Actually, I took a look at the code of CLUSTERIP extension, and it in
fact is used to do the very same ARP level mangling, even though, it is
slightly more precise, akin to (with stray in-line comments):

  arptables -A OUTPUT \
    --h-type 1 \  # Ethernet
    --proto-type 0x800 \  # IPv4
    --h-length 6 \  # perhaps redundant to --h-type?
    \ # cannot express limitation on the size of network address
    \ # but that would perhaps be redundant to --proto-type
    --opcode 2 \  # this time for Reply
    -j mangle --mangle-mac-s CLUSTERMAC

  # see also
  # https://git.kernel.org/pub/scm/linux/kernel/git/torvalds/linux.git/commit/?id=4095ebf1e641b0f37ee1cd04c903bb85cf4ed25b
  arptables -A OUTPUT \
    --h-type 1 \  # Ethernet
    --proto-type 0x800 \  # IPv4
    --h-length 6 \  # perhaps redundant to --h-type?
    \ # cannot express limitation on the size of network address
    \ # but that would perhaps be redundant to --proto-type
    --opcode 1 \  # this time for Request
    -j mangle --mangle-mac-s CLUSTERMAC

What you've used appears to be akin to what this chunk of manpage
suggests (amongst others):
https://git.netfilter.org/iptables/tree/extensions/libxt_cluster.man

which is (yet another) indicator to me that xt_cluster extension
doesn't carry that functionality on its own (like CLUSTERIP target
did, as mentioned).

*
* Anyway, I'd like to understand why is this necessary in the first
* place, getting to my second question.
*

2. Is the following, for me viable explanation correct?

That arrangement is to prevent here unexpectedly leaky specific
associations (I'd call "fixations") of the interface's true (hence
non-multicast) MAC address with meant-to-be-shared IP address at hand,
and hence cancelling the effect of link-multicasted frames (to which
at most a single recipient would respond per the firewall matching
rules), and therefore botching the "shared IP" concept altogether from
the perspective of network members that would undesirably learn
non-multicast address association for the particular
meant-to-be-shared IP leaked like this.

*
* But it doesn't explain the suggested destination MAC renormalization
* on INPUT, which is currently yet to be heard of for our purpose...
*

3. Is, perhaps, the following plausible explanations sound?

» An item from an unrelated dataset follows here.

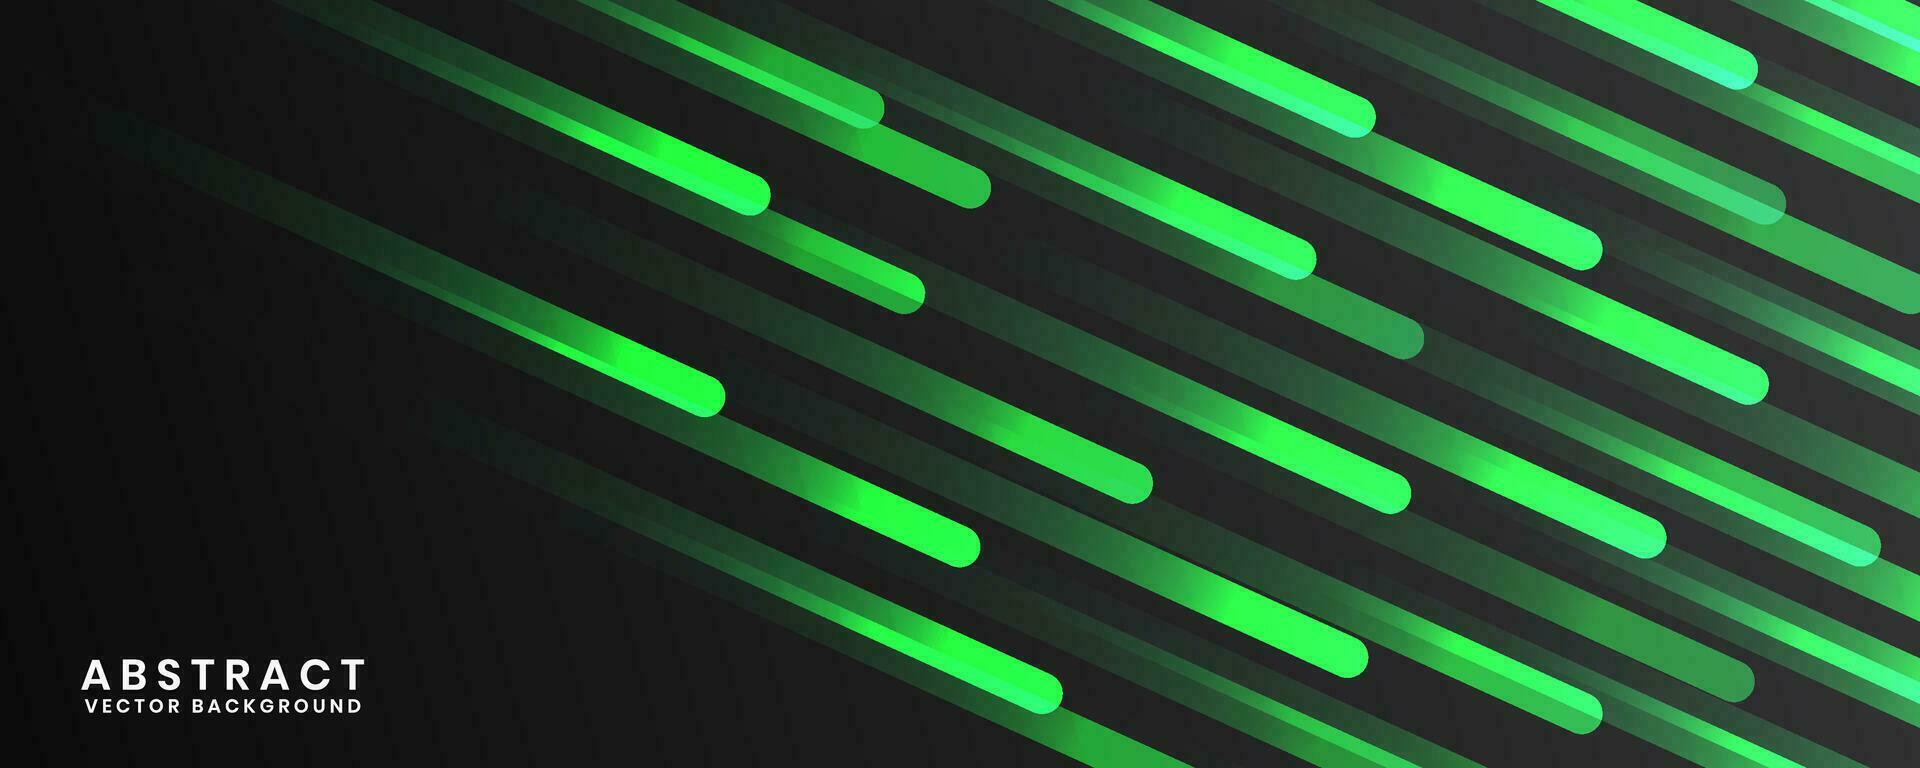 3d svart geometrisk abstrakt bakgrund överlappning lager på mörk Plats med grön avrundad rader dekoration. modern grafisk design element randig stil begrepp för baner, flygblad, kort, eller broschyr omslag vektor

- this is so as not spoil the local ARP cache/dependent interactions,
  such as when actual ARP request is sent with link layer address
  identical with the particular multicast MAC in use -- likely
  feasible with the other host on the network configured the same
  way and with already mentioned source-MAC rewriting on egress
  in place (so this would actually neutralize harmful network
  effect it could otherwise be causing)

- or any other reasons?

*
* Finally, when referring to the suggestive example above, there is
* one more question to ask...
*

4. Shall not even existing IPaddr2 (whether in CLUSTERIP-based mode
   or not) actually verify that
   /proc/sys/net/netfilter/nf_conntrack_tcp_loose
   gets cleared, at least until told not to through configuration?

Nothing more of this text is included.